§ **Work request**: Your task is to restate word for word the lines in the material below, from the one with "Bakix Premium Powerpoint" up to and including the one with "TOP 7 NATURAL REMEDIES FOR HEMORRHOIDS". Do not carry over the pictures.

::: Material for this task

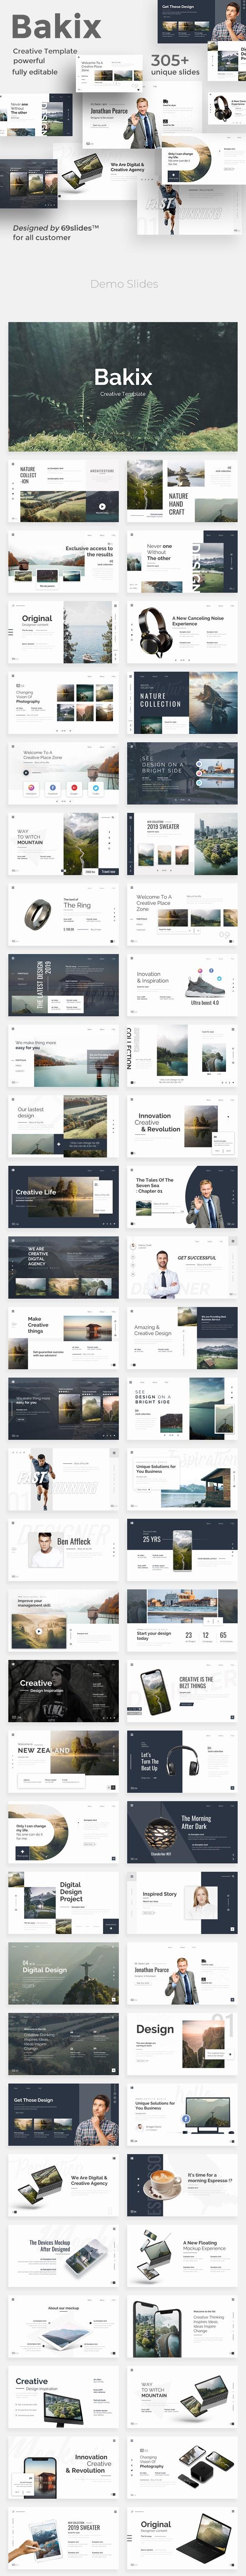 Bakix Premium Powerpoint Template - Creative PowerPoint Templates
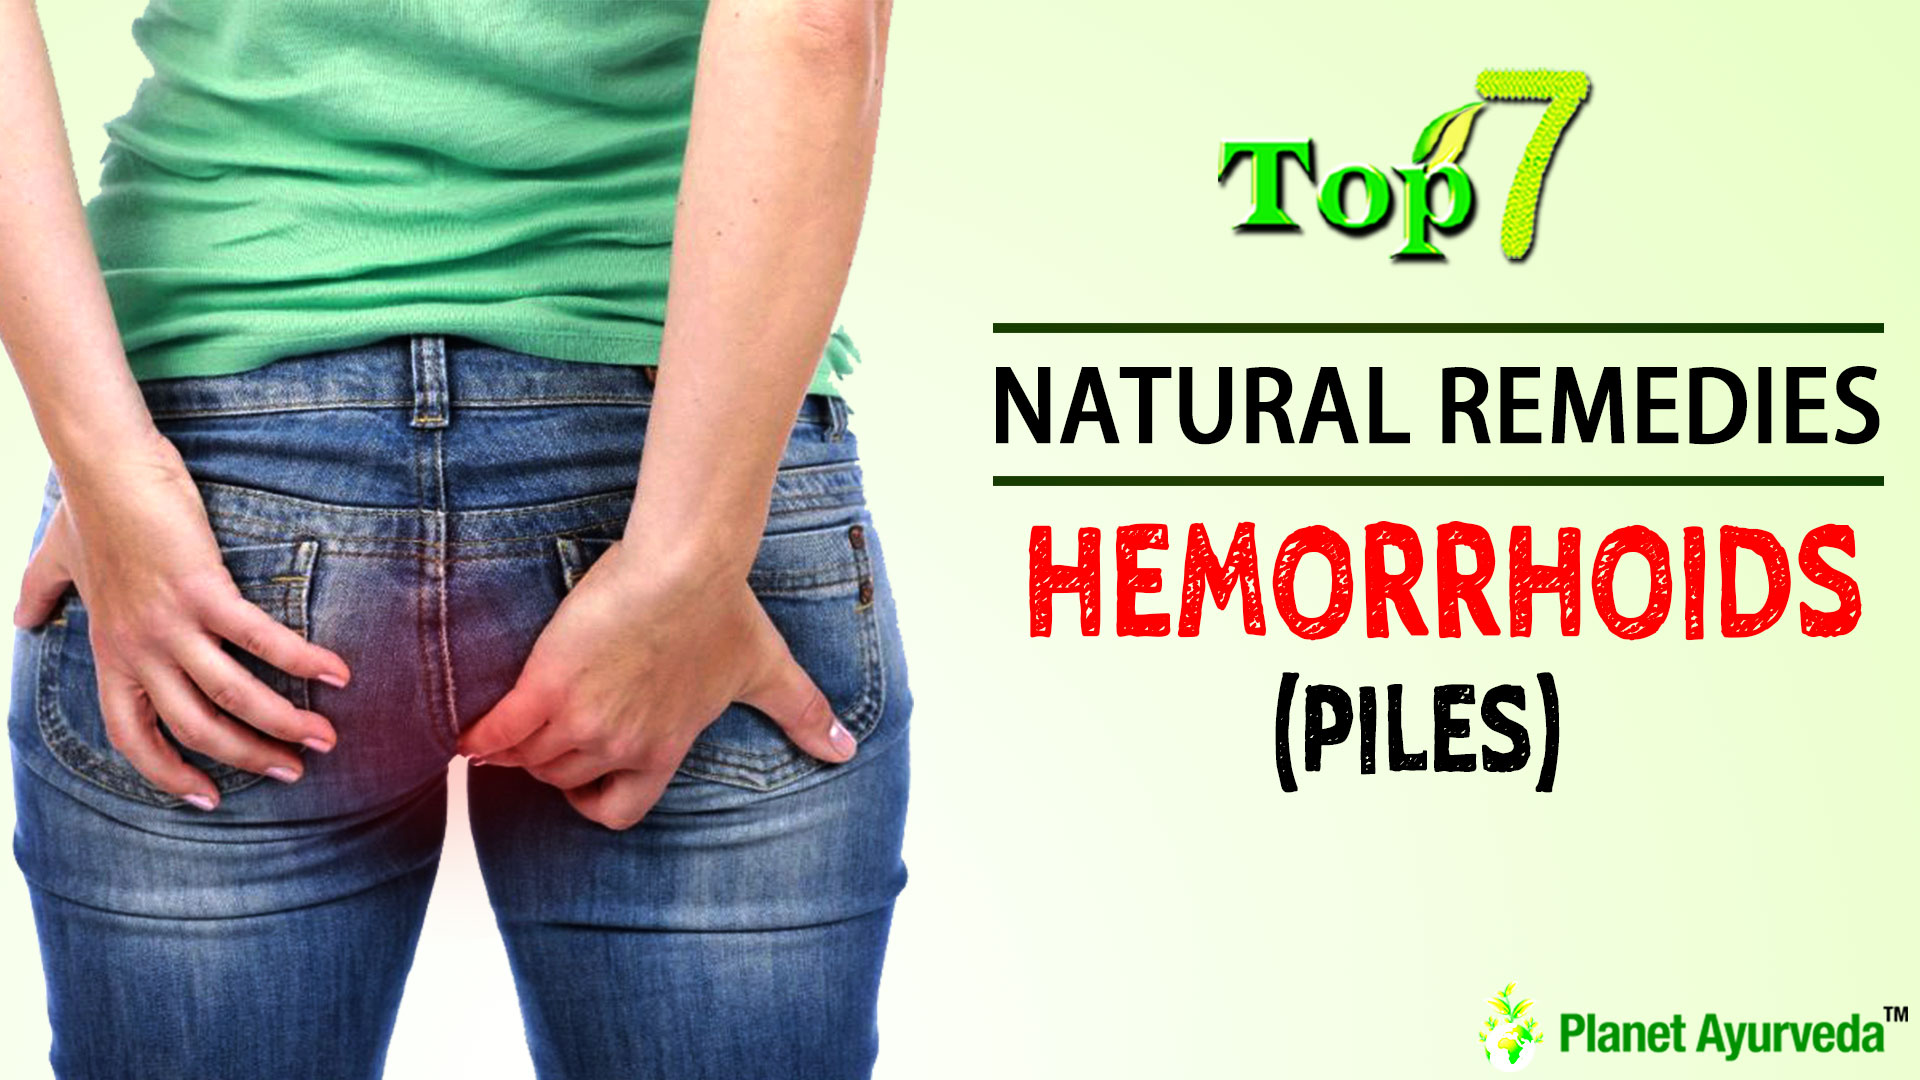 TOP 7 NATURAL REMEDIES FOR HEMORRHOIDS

::::::
::: Material for this task

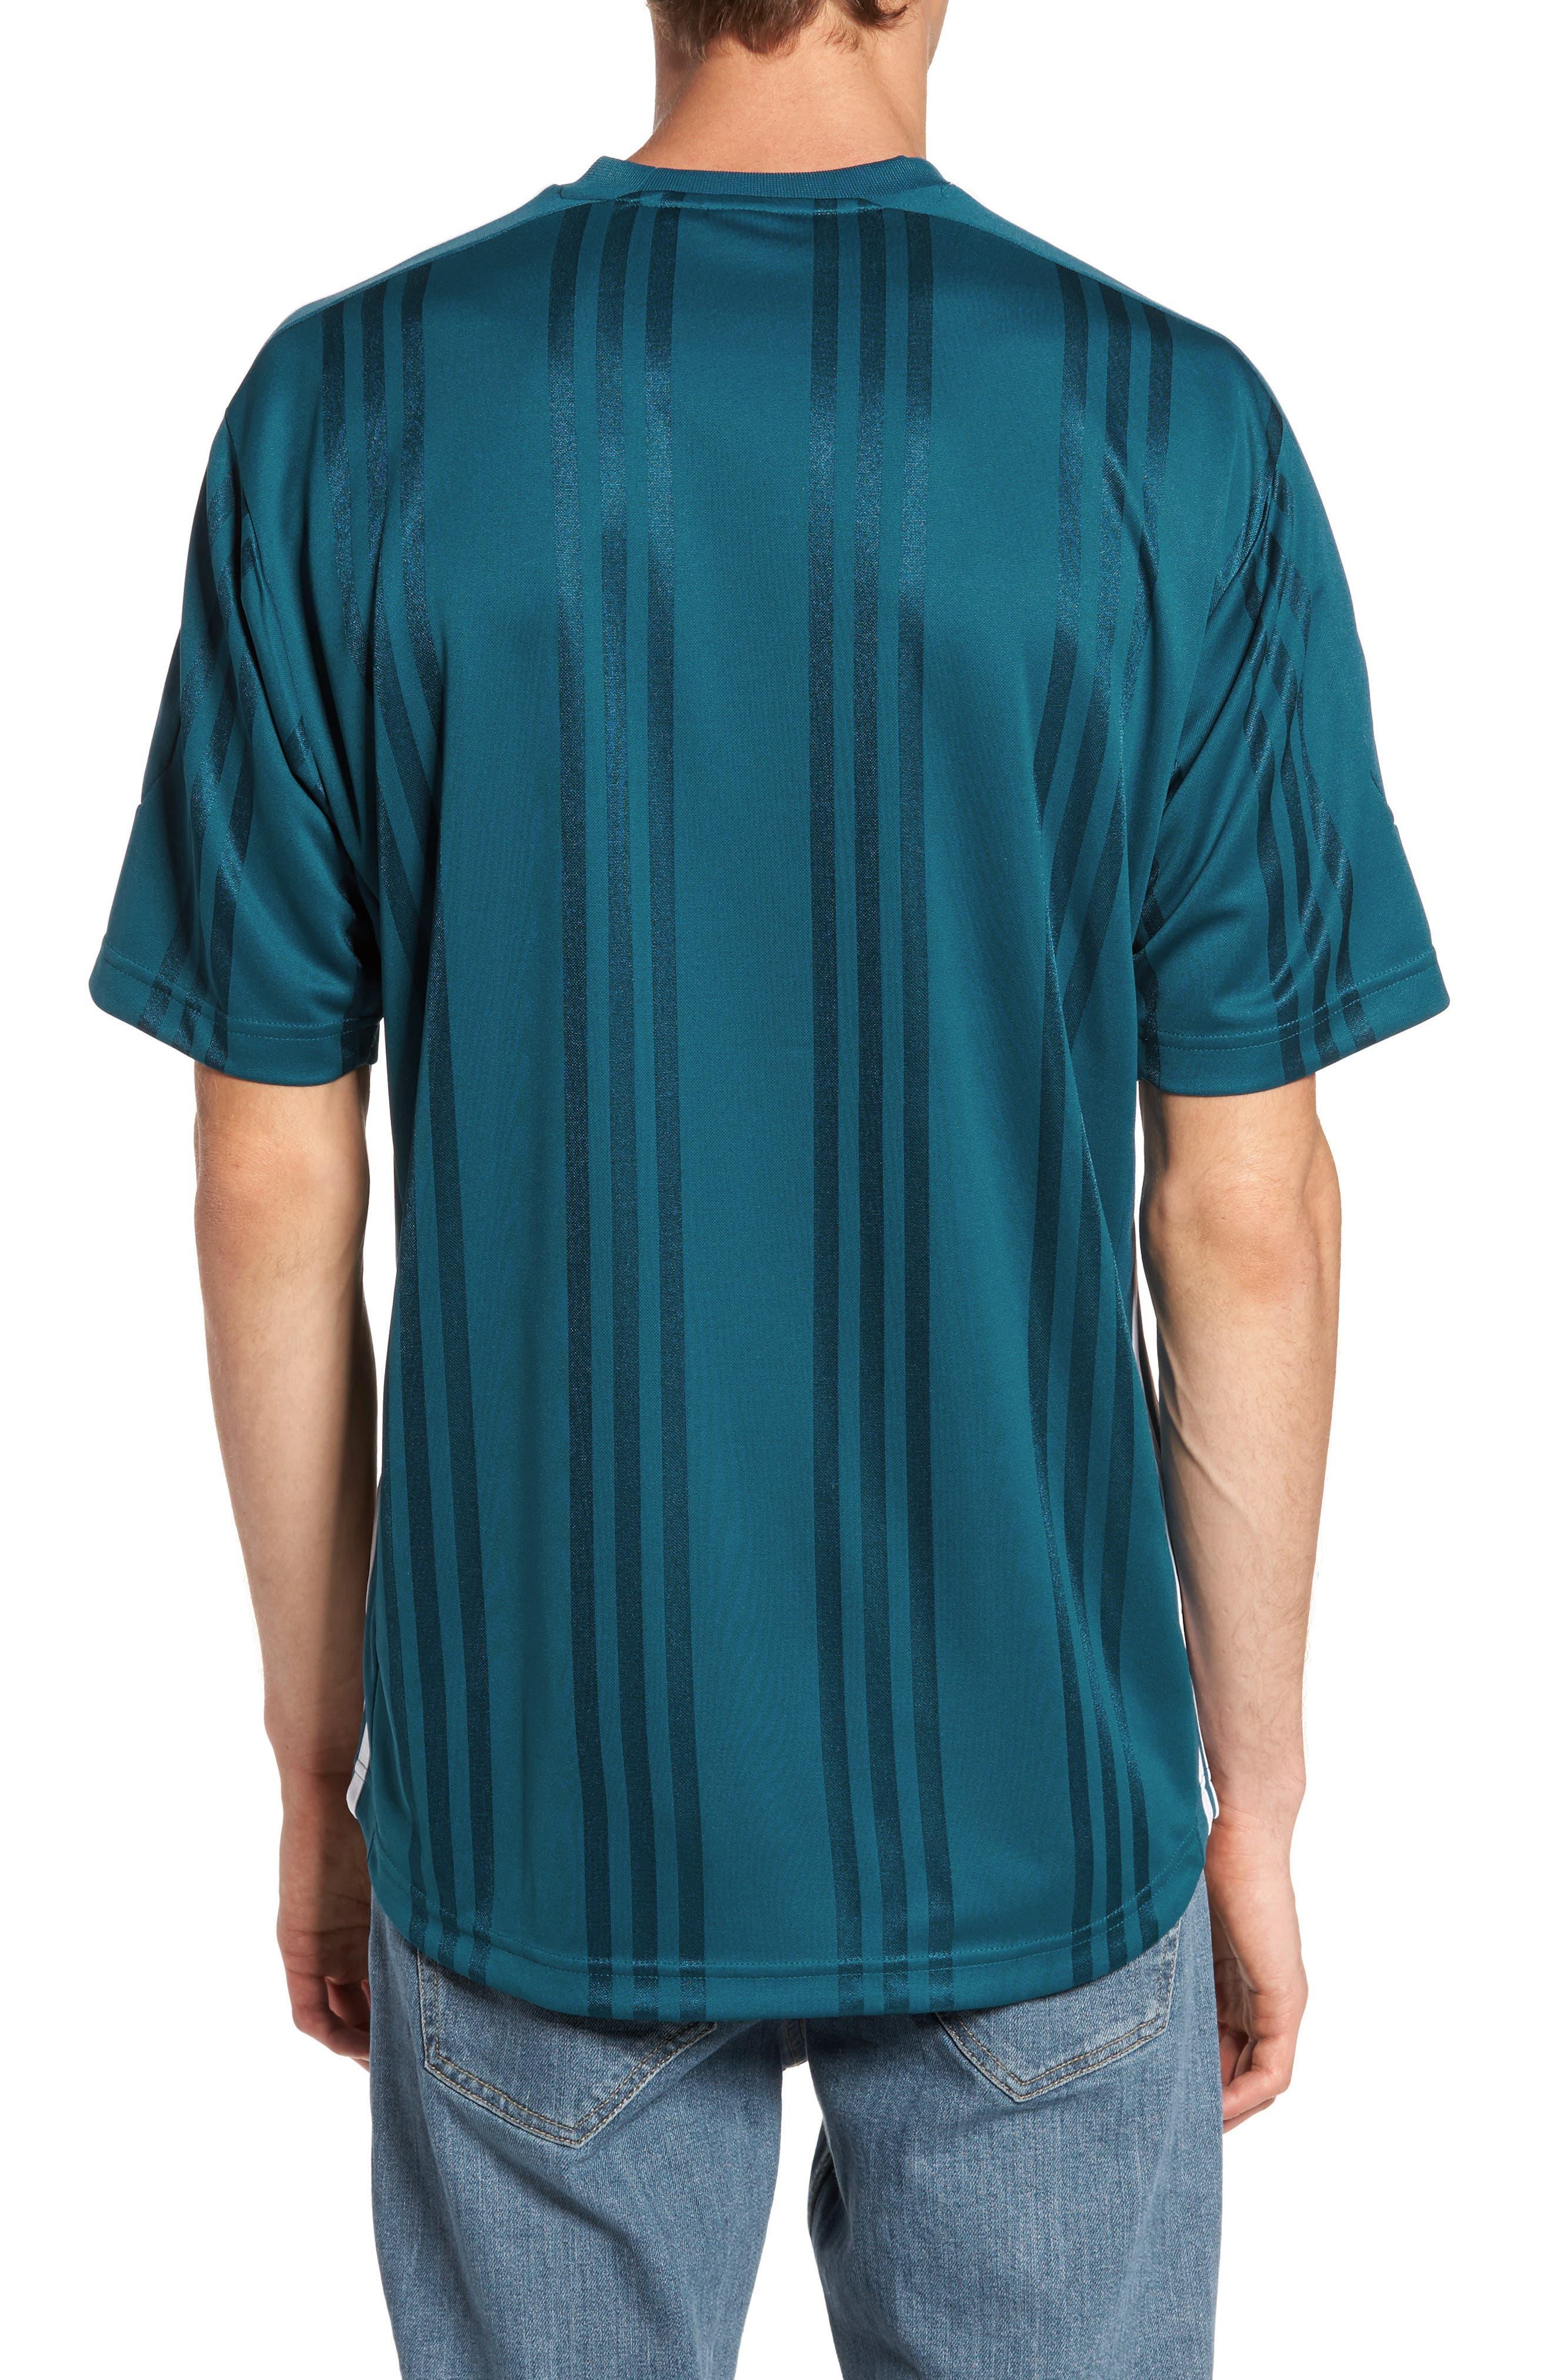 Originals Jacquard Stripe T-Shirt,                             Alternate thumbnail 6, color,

::::::

§ **Finished task**:
 Bakix Premium Powerpoint Template - Creative PowerPoint Templates
 TOP 7 NATURAL REMEDIES FOR HEMORRHOIDS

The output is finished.